New employees may also be involved in a formal training program. The overall cost of the training program depends on the cost of two major components: costs associated with trainers and costs associated with trainees. Whereas an organization incurs 100 percent of the costs associated with training replacements for employees who leave, the cost associated with trainers depends on the extent to which formal training is attributable to turnover. It is important, therefore, to distinguish the proportion of trainees who are replacements for employees who left, from the reminder who are in training due to other factors, such as planned expansion of the work force. For the sake of simplicity, the costs of facilities, food, and other overhead expenses have not been included in these calculations.

Instead of, or in addition to, instruction in a formal training program, new employees may also be assigned to work with more experienced employees for a period of time or until they reach a standard level of competence. The overall cost of this on-the-job training must be determined for all replacement employees hired during the period, for it is an important element of training costs.

Notice that in Figure 4-5, the cost of reduced productivity of new employees while they are learning is not included as an element of overall training costs. This is not because such a cost is unimportant. On the contrary, even if an organization staffs more employees to provide for a specified level of productivity while new employees are training, the cost of a decrease in the quantity and quality of goods or services produced is still very real. Less-experienced employees may also cause an increase in operating expenses because of inefficient use of supplies and equipment. Other elements of lost productivity and lost business include factors such as additional overtime to cover one or more vacancies, cost of temporary help, the offsetting effects of wages and benefits saved due to the vacancy, and the cost of low morale among remaining employees.
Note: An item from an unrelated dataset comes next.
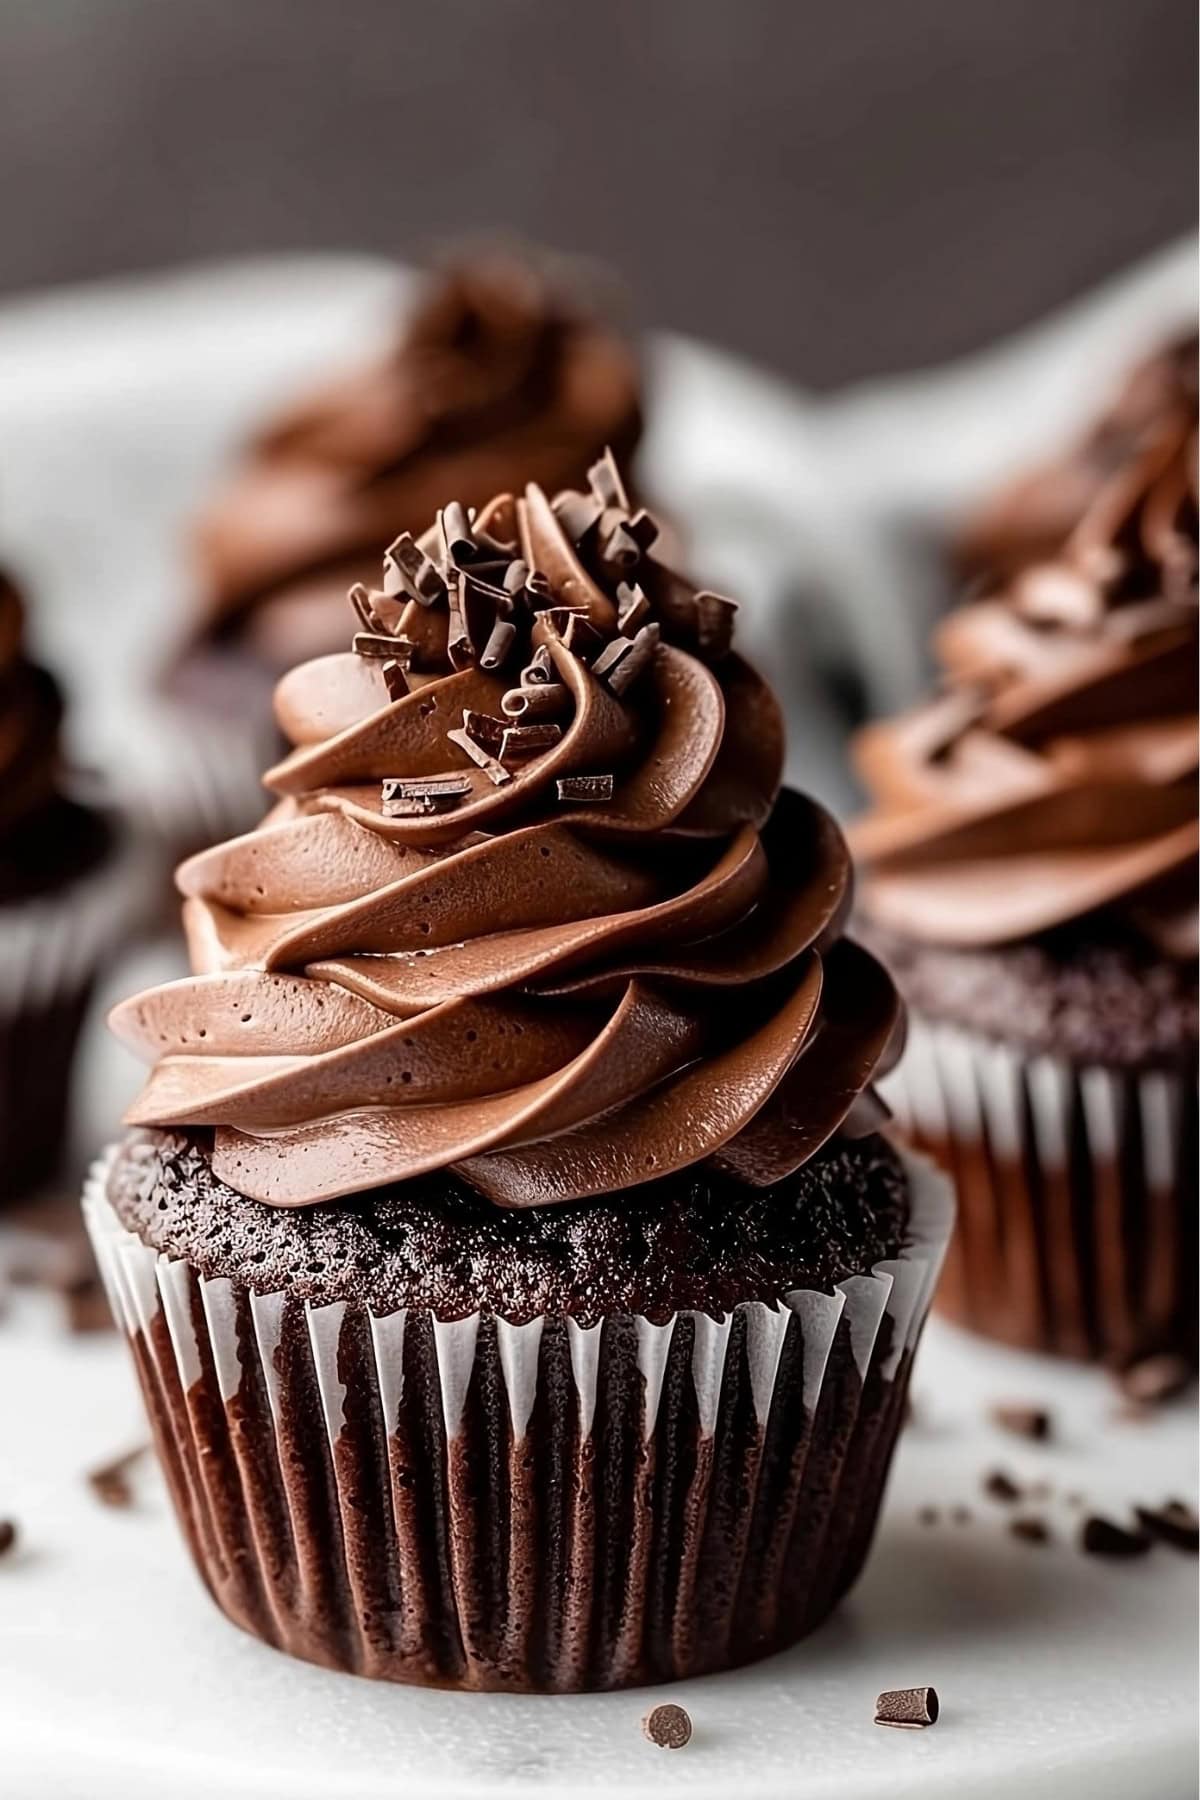 Close-up view of chocolate cupcake with chocolate frosting on top.

At high levels in organizations, and in other jobs where relationships with customers, leads, and contacts are critically important, the economic cost of business lost (that is, “opportunities foregone”) may be substantial. On top of that, there may also be “ripple effects” associated with an employee’s departure, such that other employees follow him or her out the door. Situations such as these are especially prevalent when employee “stars” or “A-level” players depart and convince others to follow them. Executive recruiters call these situations “lift-outs.” As Business Week noted, “In a way, lift-outs are the iTunes of the merger world: Why buy the whole CD when all you really want are its greatest hits?”[25] They can be especially costly, not to mention the huge gaps in staffing that they create. They tend to occur when tightly knit groups or networks of employees (coworkers, former colleagues, classmates, or friends) decide to leave en masse.[26]
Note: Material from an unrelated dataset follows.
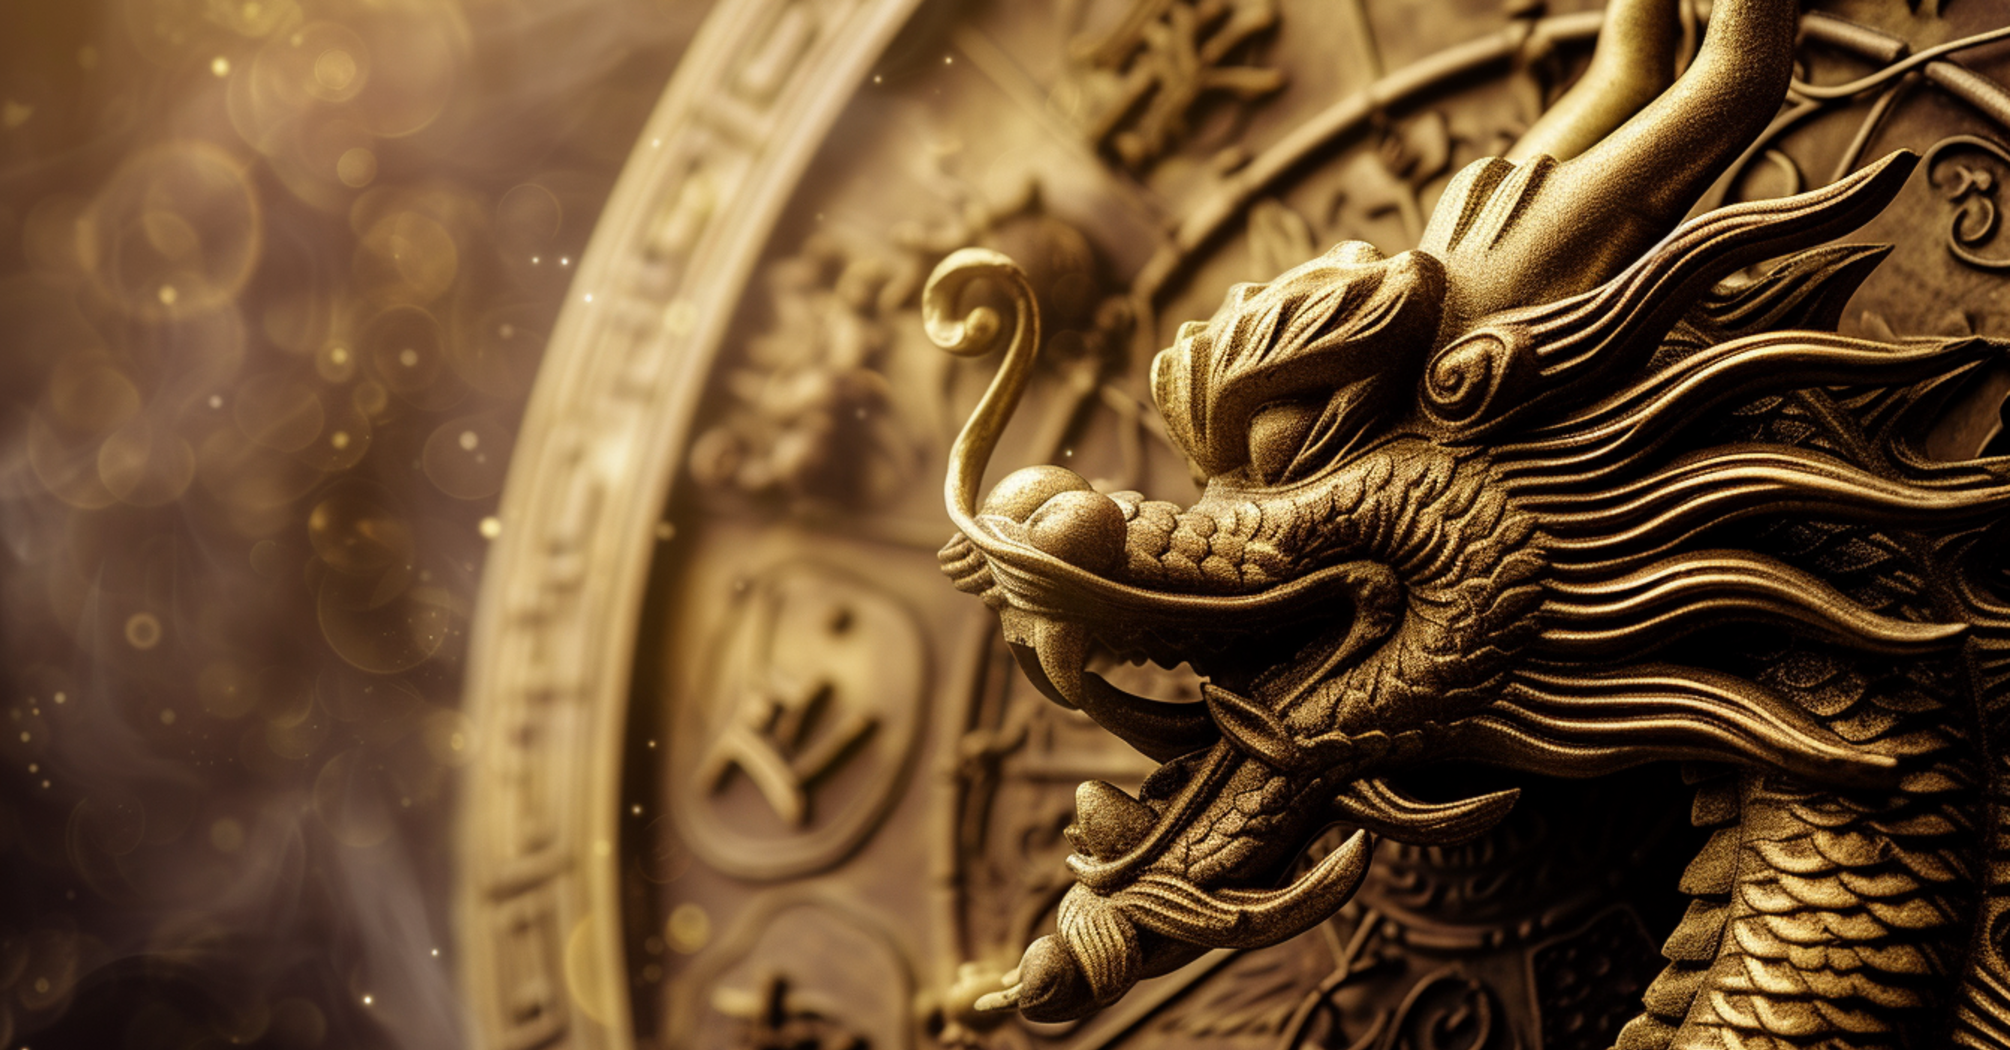 Focus on the details: Chinese horoscope for February 29

All of these costs are important. In the aggregate, they easily could double or triple the costs tallied thus far. When they can be measured reliably and accurately, they certainly should be included as additional elements of training costs. The same is true for potential productivity gains associated with new employees. Such gains serve to offset the costs of training. However, in many organizations, especially those providing services (for example, credit counseling, customer services, patient care in hospitals), the measurement of these costs or gains is simply too complex for practical application. At the same time, these costs are seldom zero, and it is probably better to include a consensus estimate of their magnitude from a knowledgeable group of individuals than to assume either that they do not exist or that the cost is zero.

Now let us estimate the total cost of training employee replacements at Wee Care. Using the formulas shown in Figure 4-5, Wee Care estimates the following costs over a one-year period.
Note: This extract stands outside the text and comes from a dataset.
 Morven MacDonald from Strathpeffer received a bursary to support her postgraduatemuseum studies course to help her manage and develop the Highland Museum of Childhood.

Informational Literature and New-Employee Orientation (T1)

Assume that the unit cost of informational literature is $20, and that 288 employees are replaced. Each of the 288 replacements, at an average pay rate plus benefits of $25.42 per hour (see the computation of S1 above) receives a total of 16 hours (2 full days) of general orientation to the hospital from an HR department representative, who receives $30 per hour in pay and benefits. The total cost of informational literature and new-employee orientation is therefore as follows:

T1

= ($20 × 288) + (16 × $25.42 × 288) + (16 × $30)

 

= $123,375.36

Instruction in a Formal Training Program (T2)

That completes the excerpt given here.